§ TASK GOAL
Go to the line below containing "Nachttisch aus skandinavischem" and print exactly from there through the line containing "Der geschnitzte", both included. Print nothing else.

§ DATA EXTRACTS
[Start of section]

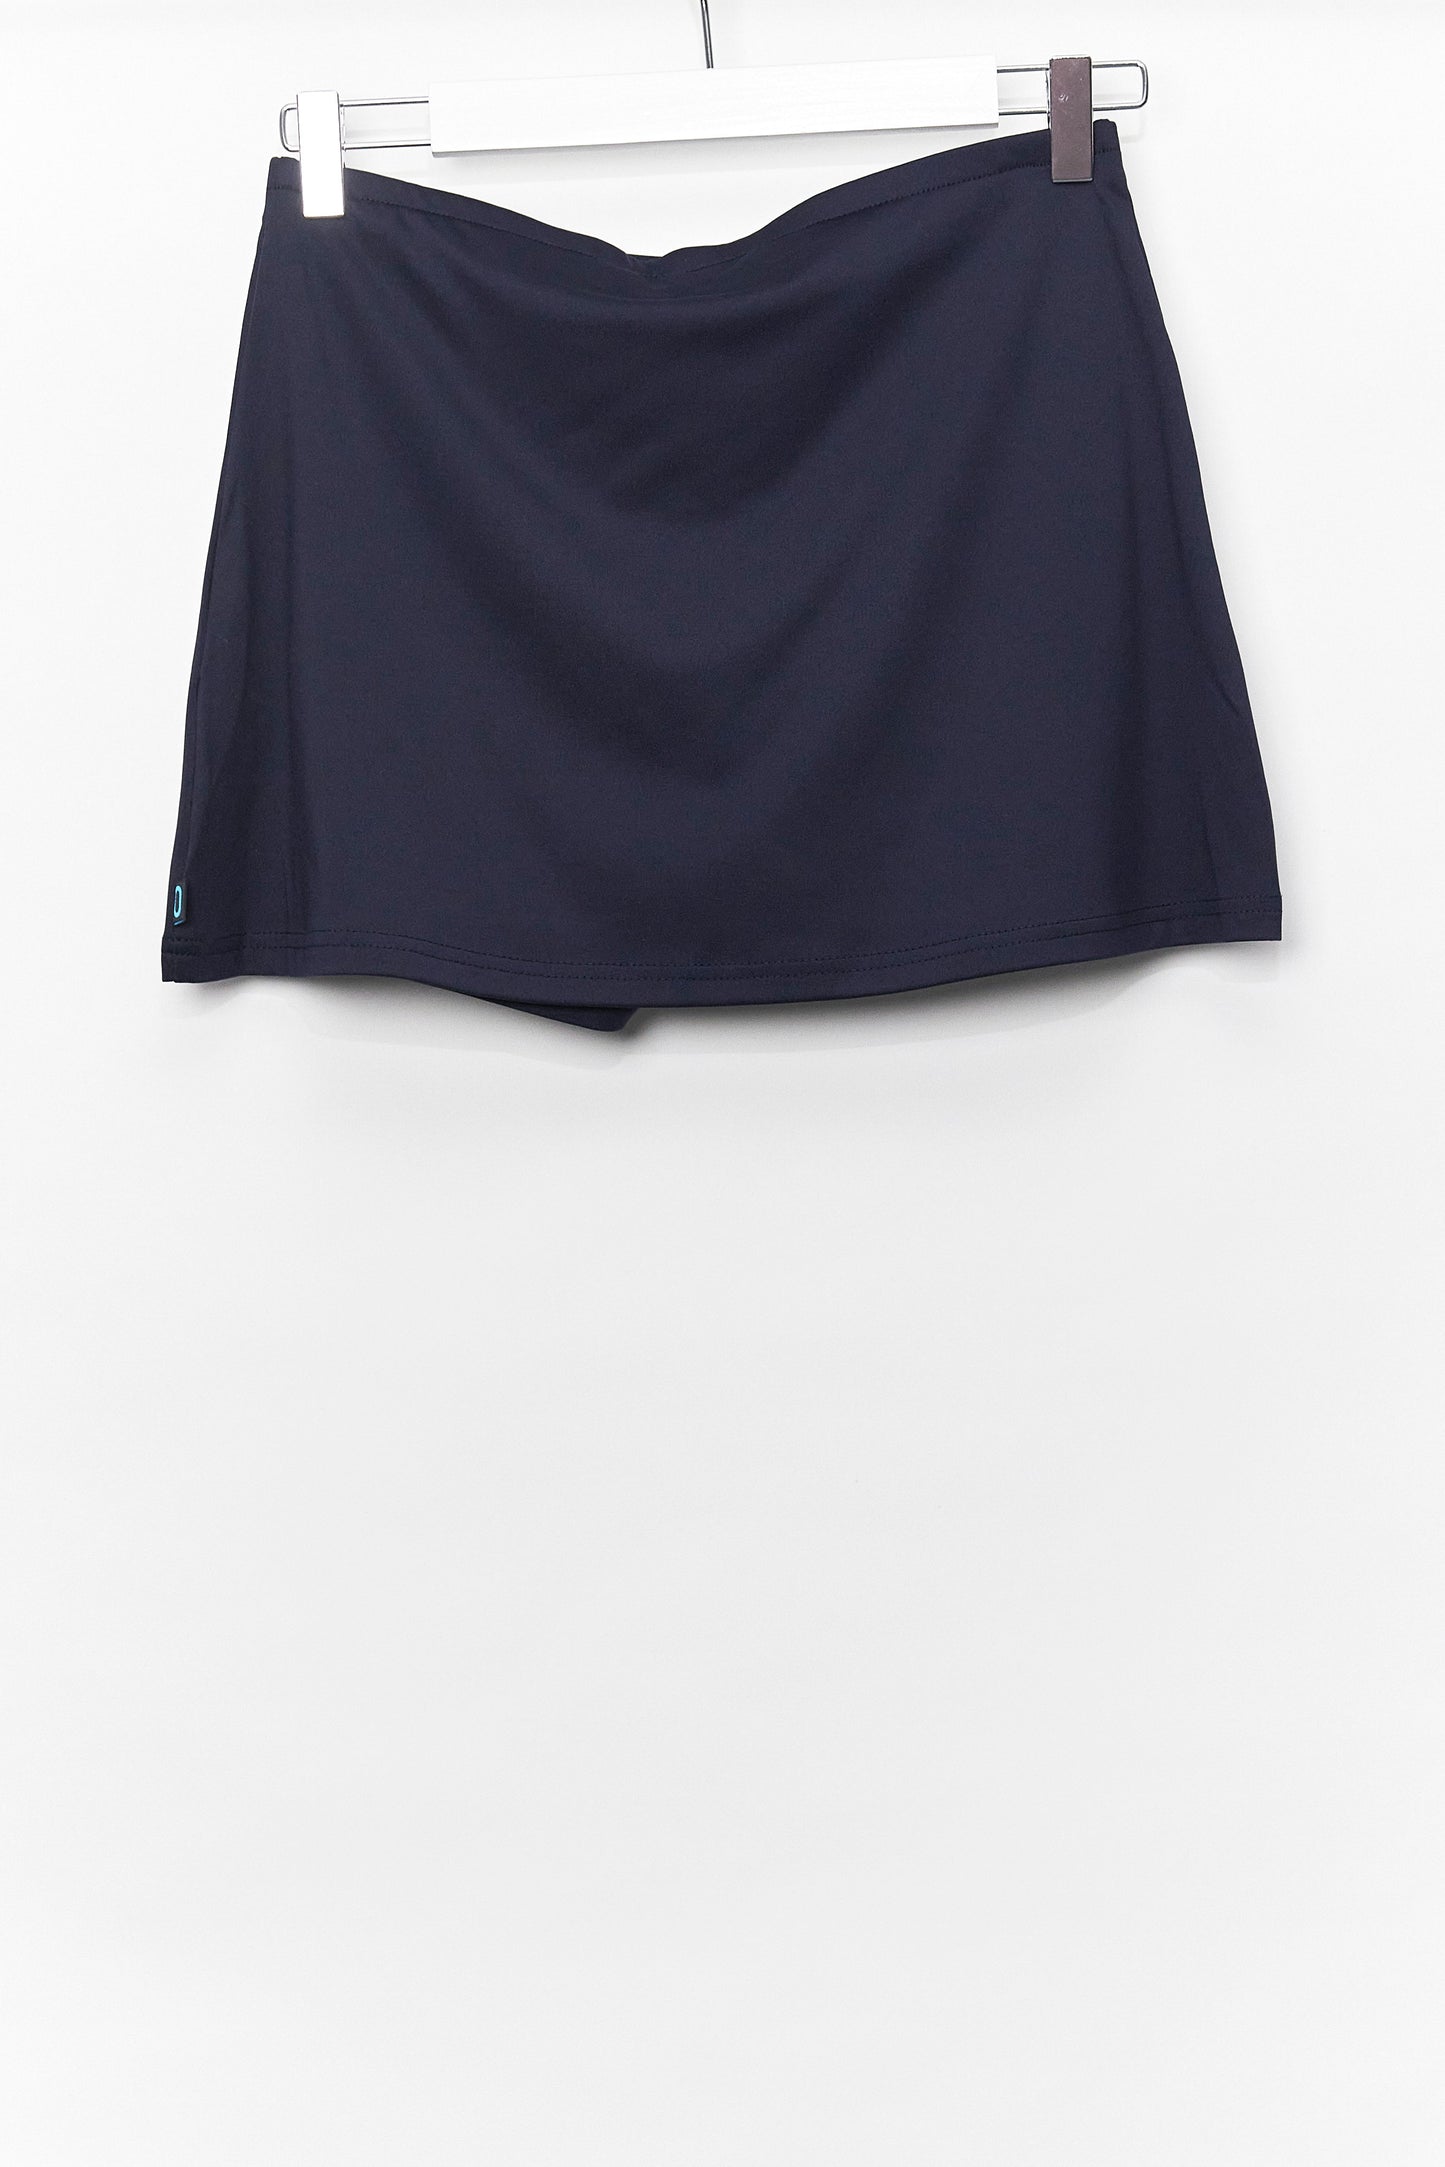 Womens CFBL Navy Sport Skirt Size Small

[End of section]
[Start of section]

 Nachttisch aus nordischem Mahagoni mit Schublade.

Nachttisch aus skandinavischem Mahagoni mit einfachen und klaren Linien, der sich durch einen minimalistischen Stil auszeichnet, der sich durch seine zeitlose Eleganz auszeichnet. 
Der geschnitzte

[End of section]
[Start of section]

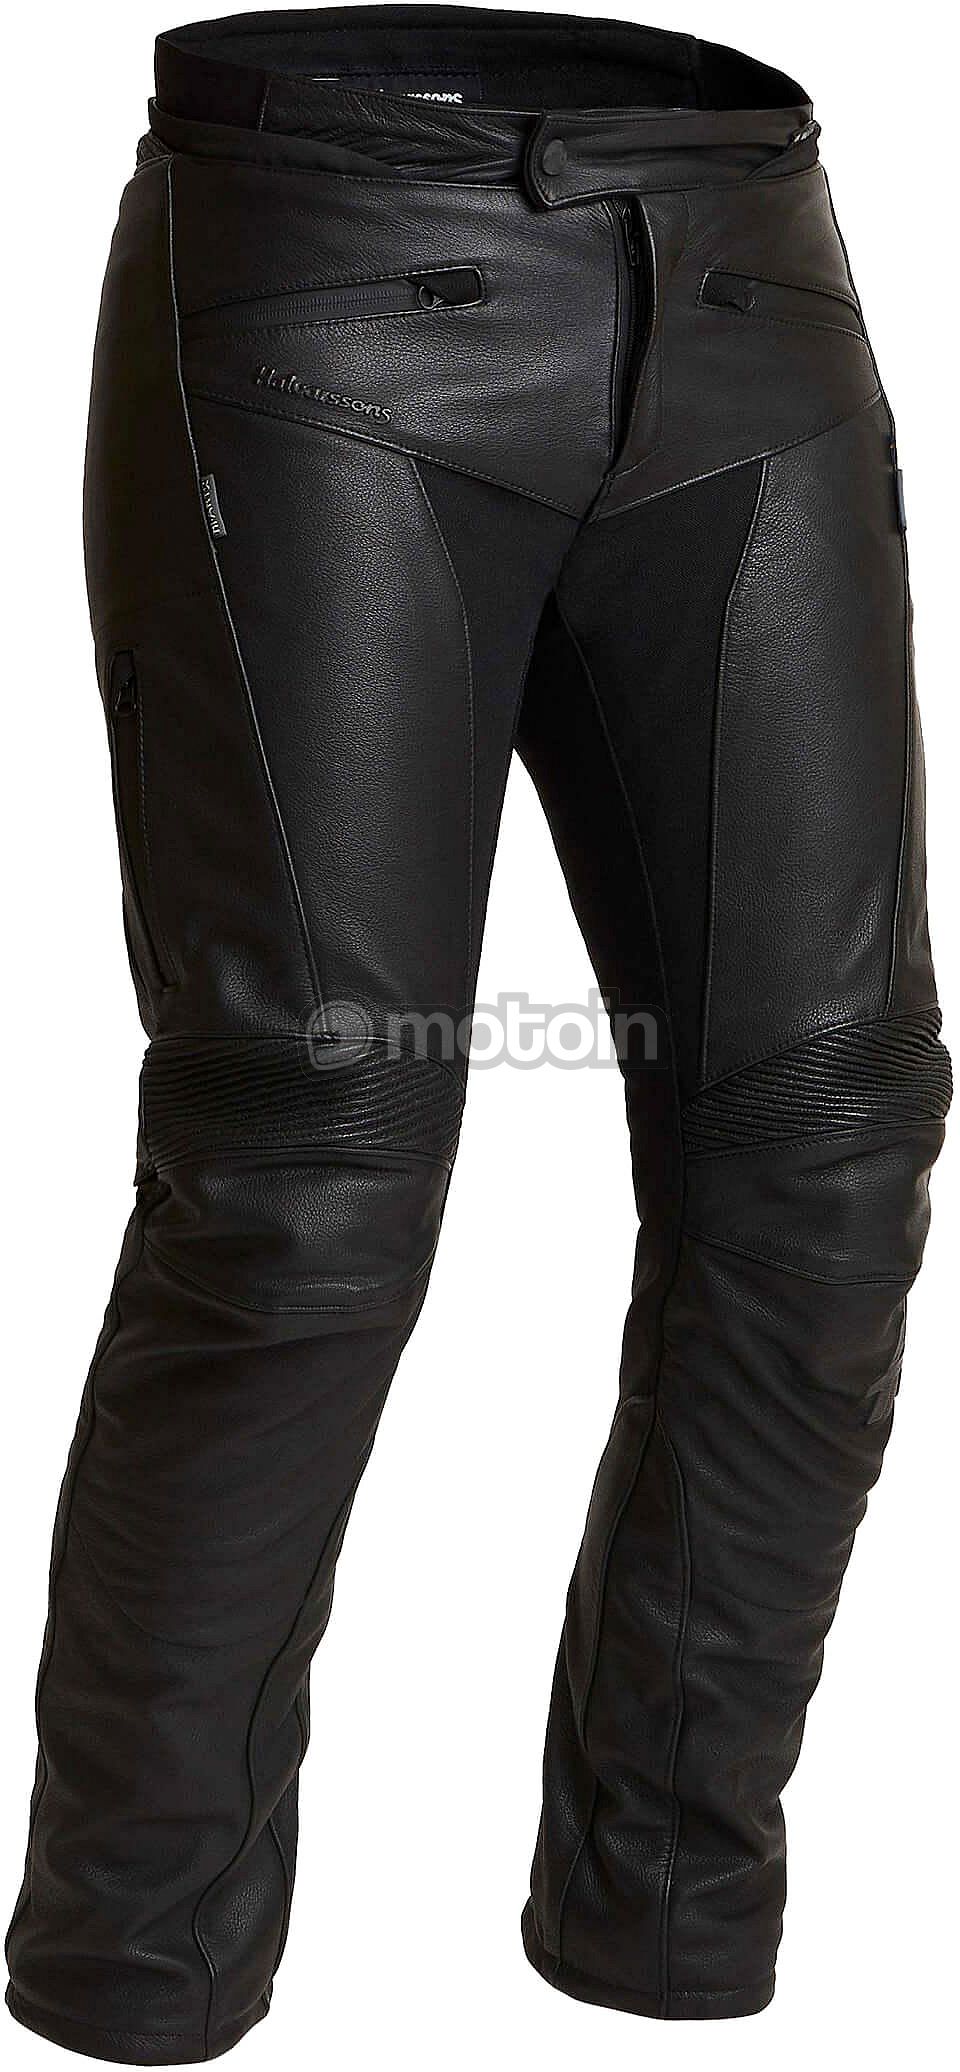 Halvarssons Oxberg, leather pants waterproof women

[End of section]

§ EXERCISE RESULT
Nachttisch aus skandinavischem Mahagoni mit einfachen und klaren Linien, der sich durch einen minimalistischen Stil auszeichnet, der sich durch seine zeitlose Eleganz auszeichnet. 
Der geschnitzte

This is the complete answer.